De planetarum influxu in corpus humanum (Über den Einfluss der Gestirne auf den menschlichen Körper; "The Influence of the Planets on the Human Body" / original language: Latin) (1766).
Sendschreiben an einen auswärtigen Arzt über die Magnetkur ("Circulatory letter to a foreign physician about the magnetic cure" / original language: German) (1775).
Mesmerismus oder System der Wechsel-beziehungen. Theorie und Andwendungen des tierischen Magnetismus ("Mesmerism or the system of inter-relations. Theory and applications of animal magnetism" / original language: German) (1814).
Among Mesmer's followers was Armand-Marc-Jacques Chastenet, Marquis de Puységur (1751-1825), who discovered induced or artificial somnambulism.

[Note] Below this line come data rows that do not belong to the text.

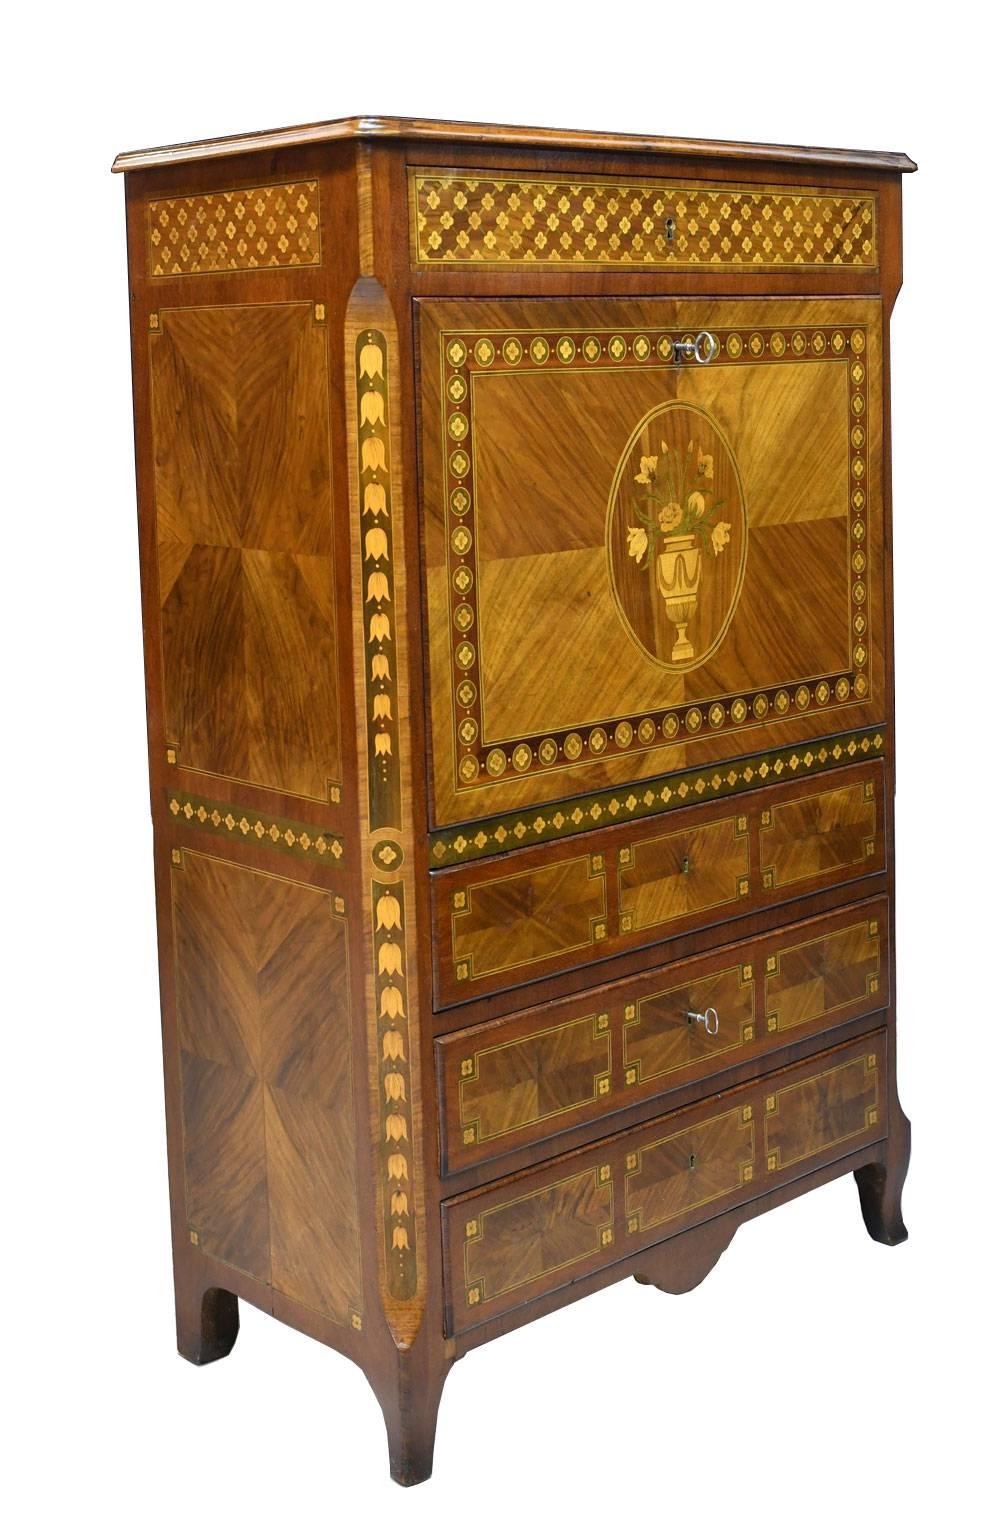 Kingwood Spanish Charles IV Secretary with Contrasting Marquetry over Mahogany, c. 1800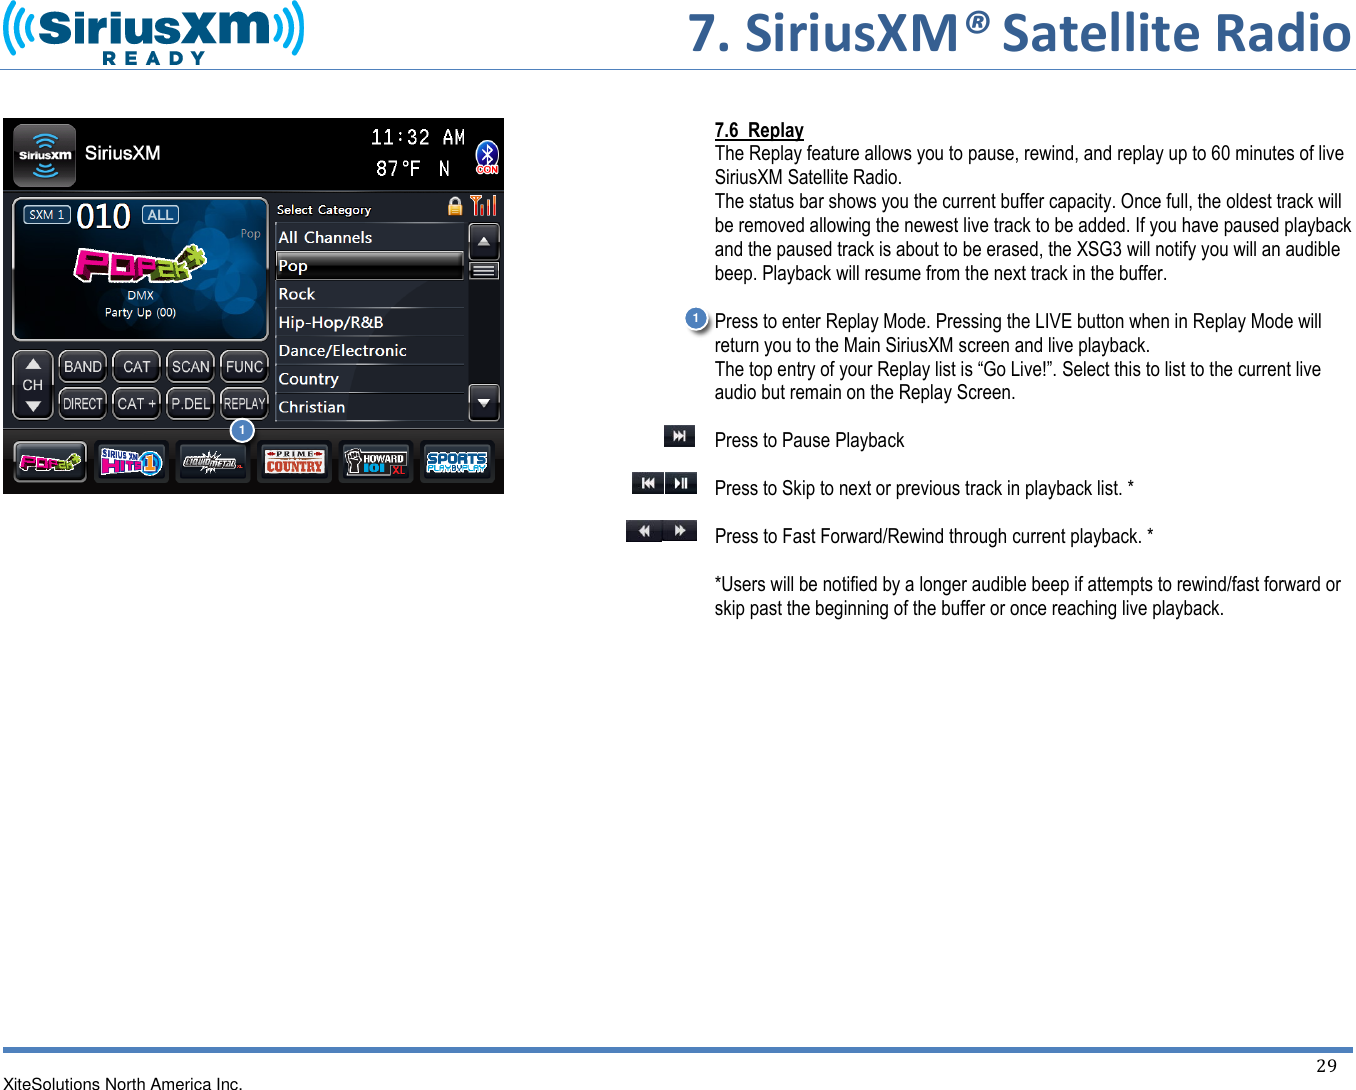       7. SiriusXM® Satellite Radio   XiteSolutions North America Inc.  29                          7.6  Replay The Replay feature allows you to pause, rewind, and replay up to 60 minutes of live SiriusXM Satellite Radio. The status bar shows you the current buffer capacity. Once full, the oldest track will be removed allowing the newest live track to be added. If you have paused playback and the paused track is about to be erased, the XSG3 will notify you will an audible beep. Playback will resume from the next track in the buffer.  Press to enter Replay Mode. Pressing the LIVE button when in Replay Mode will return you to the Main SiriusXM screen and live playback. The top entry of your Replay list is “Go Live!”. Select this to list to the current live audio but remain on the Replay Screen.  Press to Pause Playback  Press to Skip to next or previous track in playback list. *  Press to Fast Forward/Rewind through current playback. *  *Users will be notified by a longer audible beep if attempts to rewind/fast forward or skip past the beginning of the buffer or once reaching live playback.           1 1 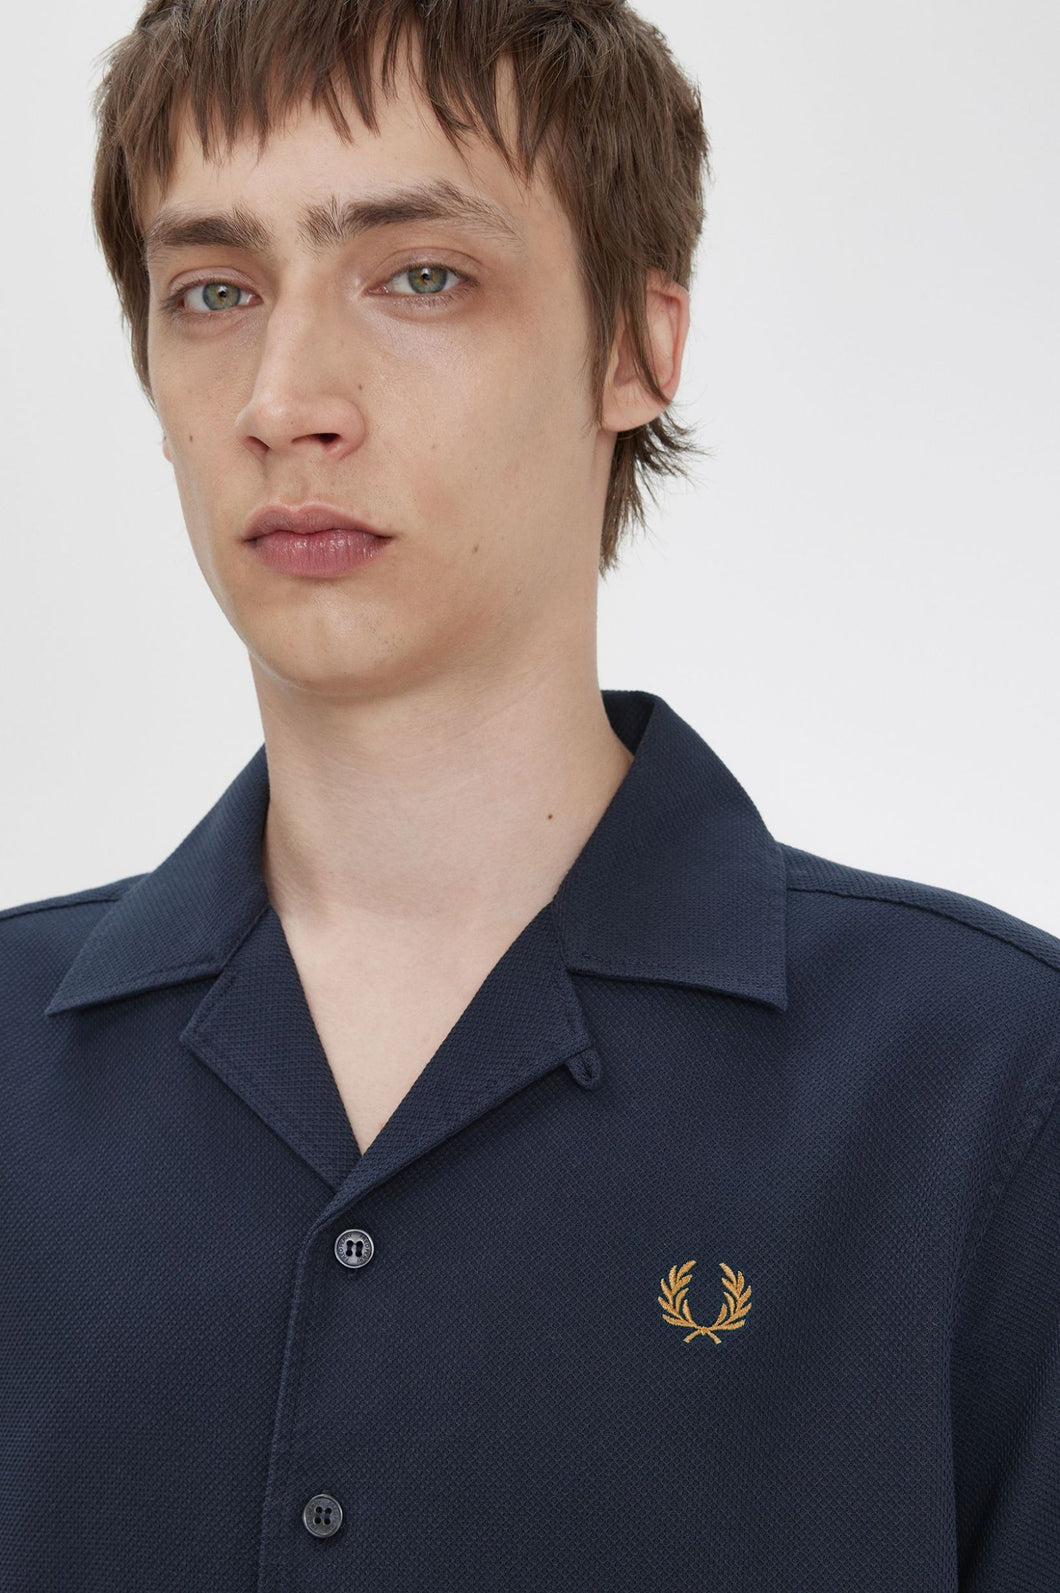 Fred Perry Navy Pique Textured Revere Collar Shirt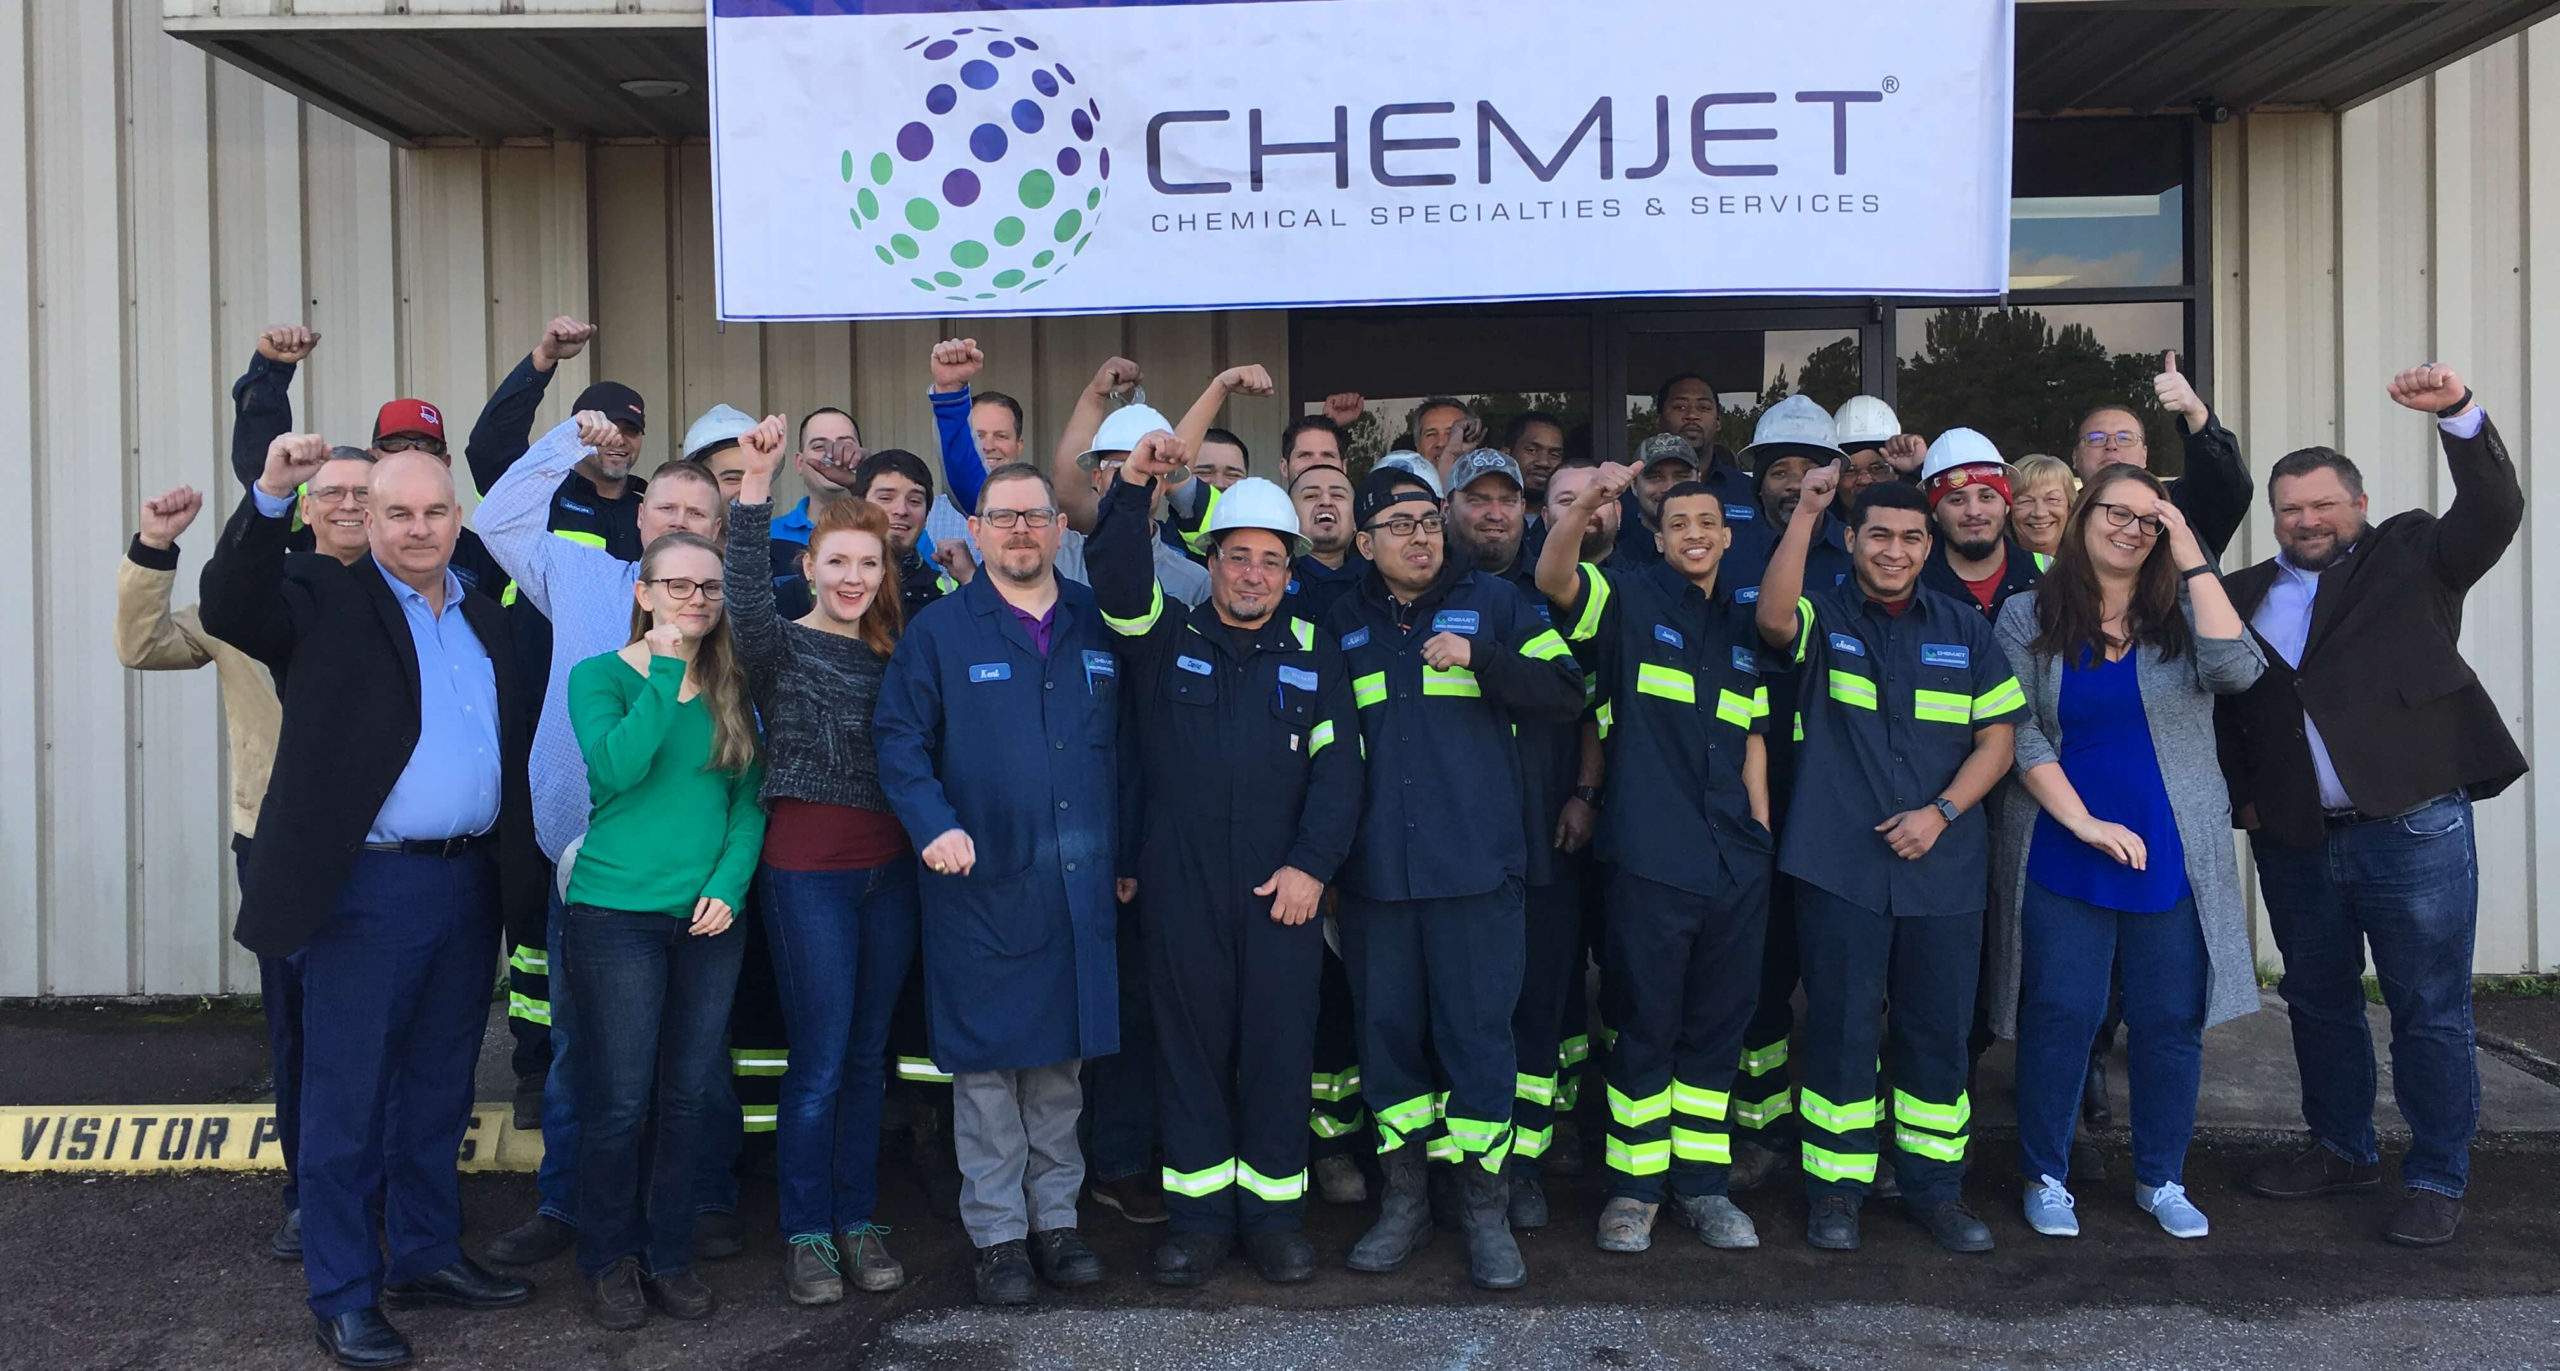 The Chemjet team at their Conroe plant

Mesmer is mentioned in Edgar Allan Poe's short story A Tale of the Ragged Mountains.
In his early writings, F. Anton Mesmer used a way of exposing his ideas very similar to the way of writing of the ancient alchemists. His way of thinking shows clearly the influence of the alchemists' ideas. He sees three basic elements: God, Energy (movement), Matter (on the top left in the guide), analog to Sulphur, Mercury and Salt, (Soul, spirit and body) of the alchemists. Some of his writings used therefore symbols to represent these and other meaningful concepts. He used over 100 symbols in a text sometimes, making it difficult, if not impossible, to read without a guide to the symbols. The idea behind it is that images are the basis for a true understanding while instead words can lead to many different and opposite meanings.